# specks



## TheFlounderPounder (Jan 9, 2012)

Had some free time in between cobia fishing this weekend and heard there were some big specks around the gulf state pier that wasn't biting anything. Got there thursday evening with a dozen live shrimp water was really clear downsized tackle was out by dark. Caught 6 trout and 2 pompano, give 2 trout away and went home with these 4 that weighed a shade under 13lbs. Had a good time hanging with a few friends.. I love fishing that pier for some reason.


----------



## willr86 (Mar 25, 2014)

Seriously nice specs


----------



## Mac1528 (Mar 24, 2012)

Super catch! Thanks for the report and the pics.


----------



## GROUPERKING (Sep 28, 2011)

Nice bunch of specks ! Were the pompano big enough to keep ?


----------



## TheFlounderPounder (Jan 9, 2012)

GROUPERKING said:


> Nice bunch of specks ! Were the pompano big enough to keep ?

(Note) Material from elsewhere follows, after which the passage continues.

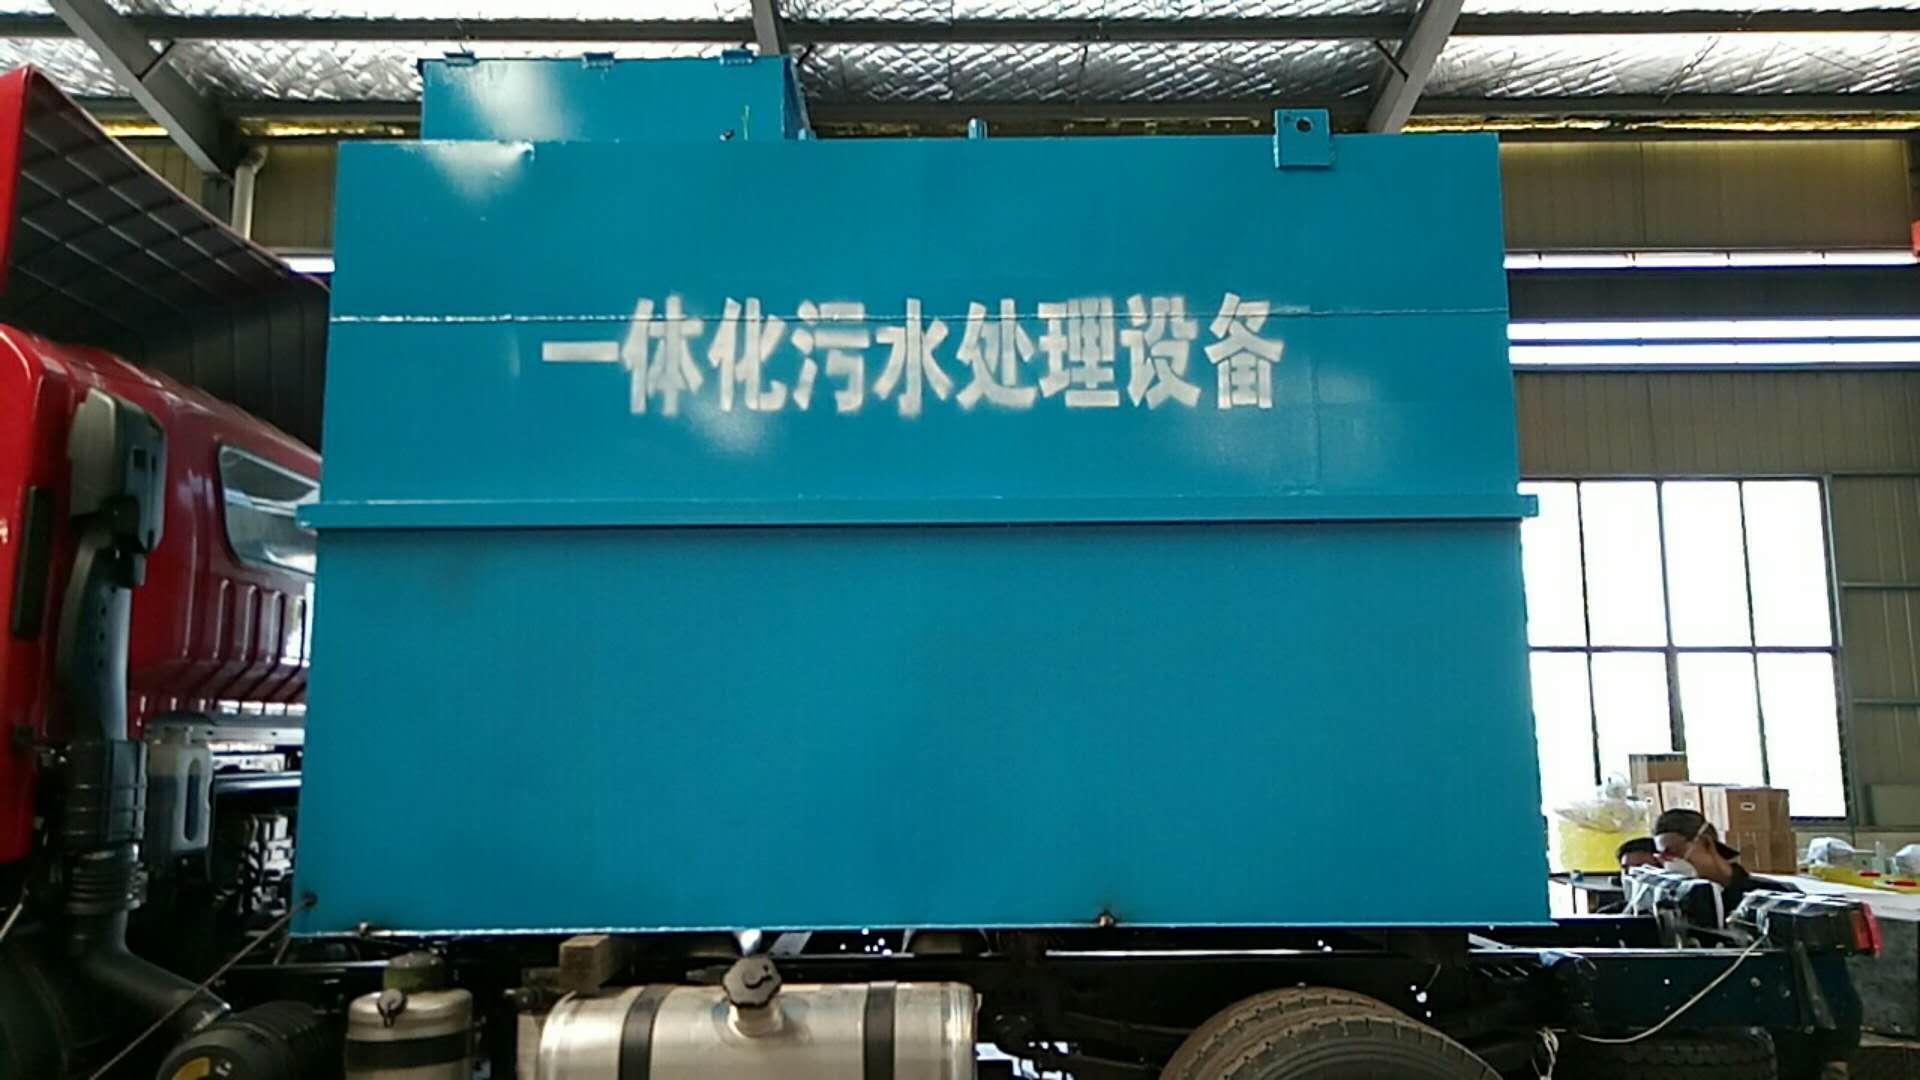 水果罐头加工污水处理设备,一体化污水处理设备

Yes they were! Grilled them last night


----------



## XxReel_FisherxX (Jul 31, 2013)

Beautiful specs! Nice job, man!


Sent from my iPad using Tapatalk


----------



## Lexcore (May 5, 2012)

:thumbup: Nothing like fishing with good friends and catch fish is a bonus:thumbsup:


----------



## TheFlounderPounder (Jan 9, 2012)

XxReel_FisherxX said:


> Beautiful specs! Nice job, man!
> 
> 
> Sent from my iPad using Tapatalk


 Thanks buddy!


----------